A highly sensitive colorimetric sensor for Hg2+ detection based on the oxidative enzyme mimics-like activity of hierarchical porous carbon@chitosan-modified silver nanoparticles

Abstract

In this paper, DMC was prepared via carbonization in nitrogen with plexiglass as the template and sucrose as the carbon source. The hierarchical porous carbon (DHPC) was prepared by treating DMC with potassium hydroxide. The DHPC was loaded on chitosan to prepare DHPC@CS, which was then doped into nanosilver via the one-pot process to prepare DHPC@CS-AgNPs. The morphology of DHPC@CS-AgNPs was characterized using the Scanning Electron Microscope (SEM) and the Transmission Electron Microscope (TEM).
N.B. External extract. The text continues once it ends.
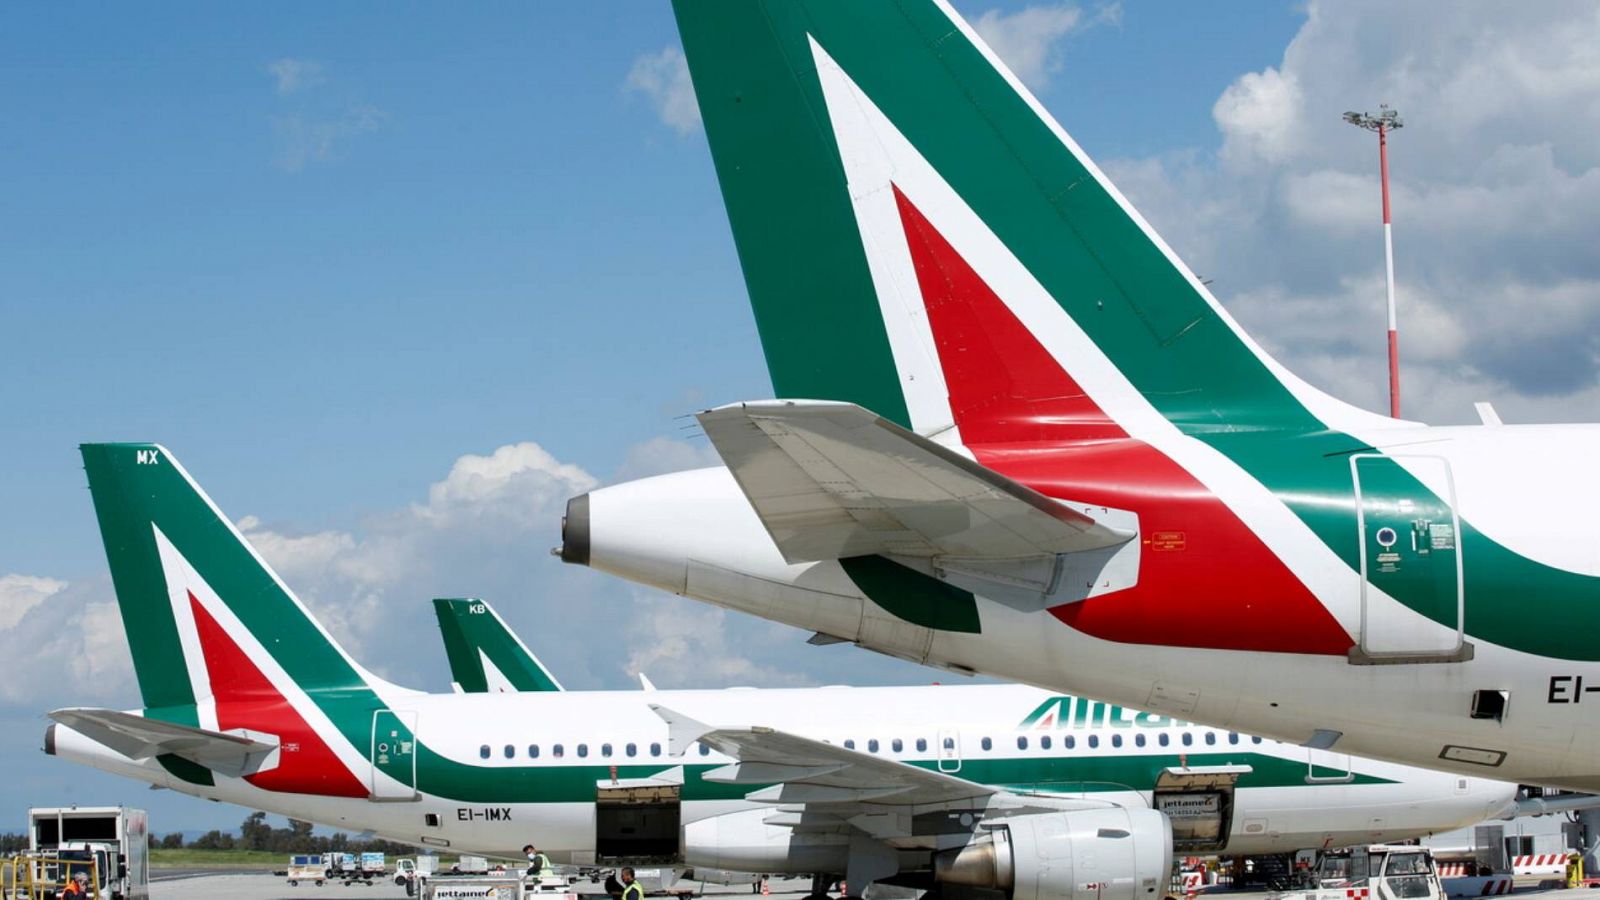 La compañía aérea Alitalia desaparece tras 74 años - RTVE.es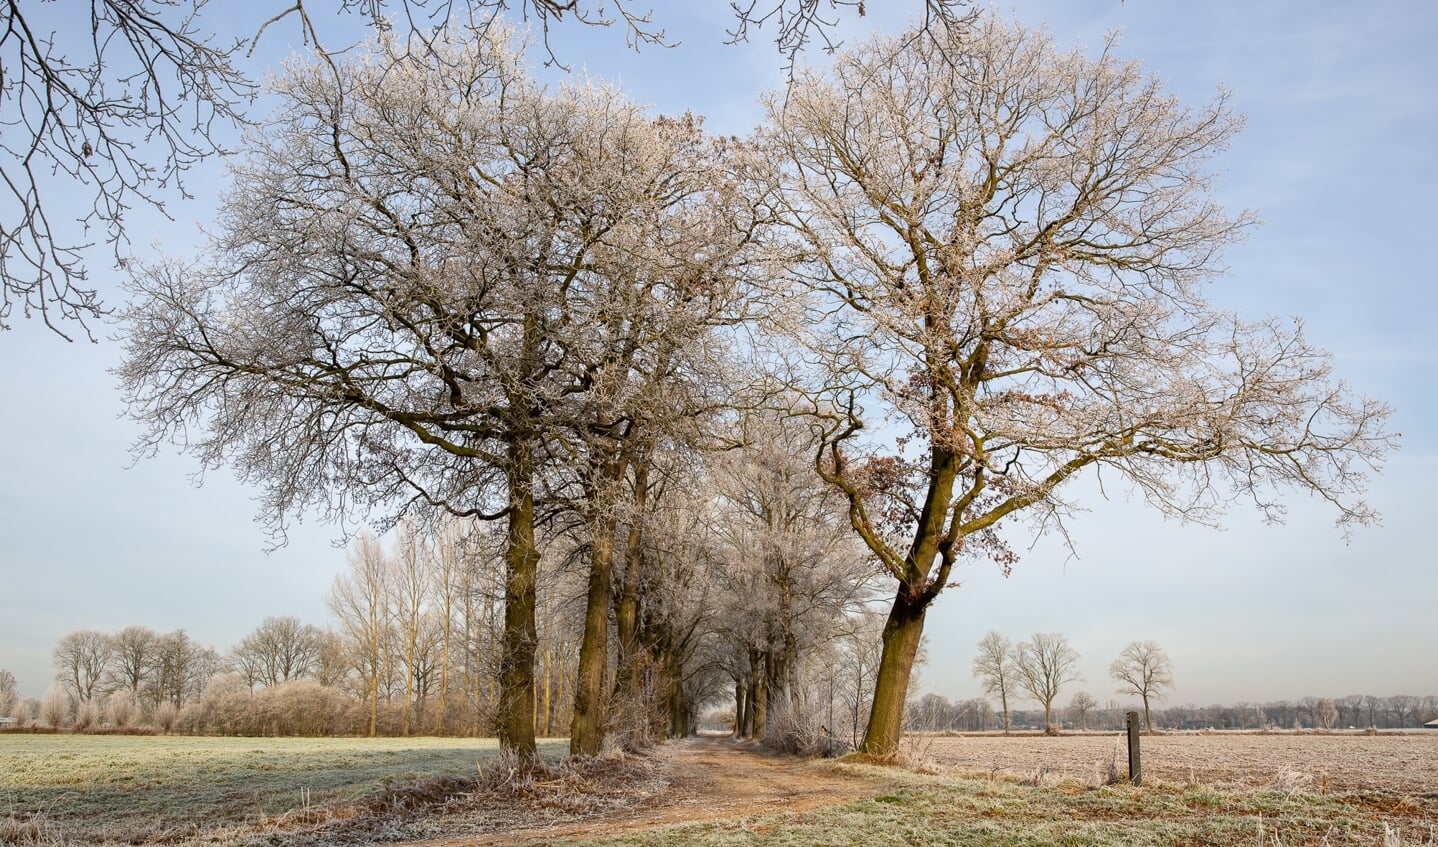 Vereniging Bomenbelang Bronckhorst zet zich al 25 jaar in voor het behoud van (monumentale) bomen. Foto: Hans van Kooten

In the presence of Hg2+, DHPC@CS-AgNPs will catalyze the oxidation of TMB, resulting in an observable change of color, so a rapid, sensitive and highly selective method could be established to detect trace Hg2+ colorimetric sensors. The conditions of the TMB color reaction, characteristics of the Hg2+ -DHPC@CS-AgNPs oxidized enzyme mimics and their color reaction characteristics were studied. Under the optimized conditions, coloration could not be catalyzed in the DHPC@CS-AgNPs-TMB system, but with the addition of the mercury ions, the catalytic activity was enhanced and the oxidized enzyme mimic activity was observed. In the Hg2+-DHPC@CS-AgNPs-TMB system, when TMB was used as a substrate, Km = 0.0165 mM, and Vmax = 4.6512 × 10−8 M·s−1. Under the optimized conditions, the linear range of mercury ion was determined to be 1 × 10−8–1 × 10−6 mol·L−1 using the above method, the linear relationship was r = 0.99753, the detection limit (S/N = 3) was 7 × 10−9 mol·L−1, and the recoveries of spiked water sample and fish sample ranged from 84.4% to 103%.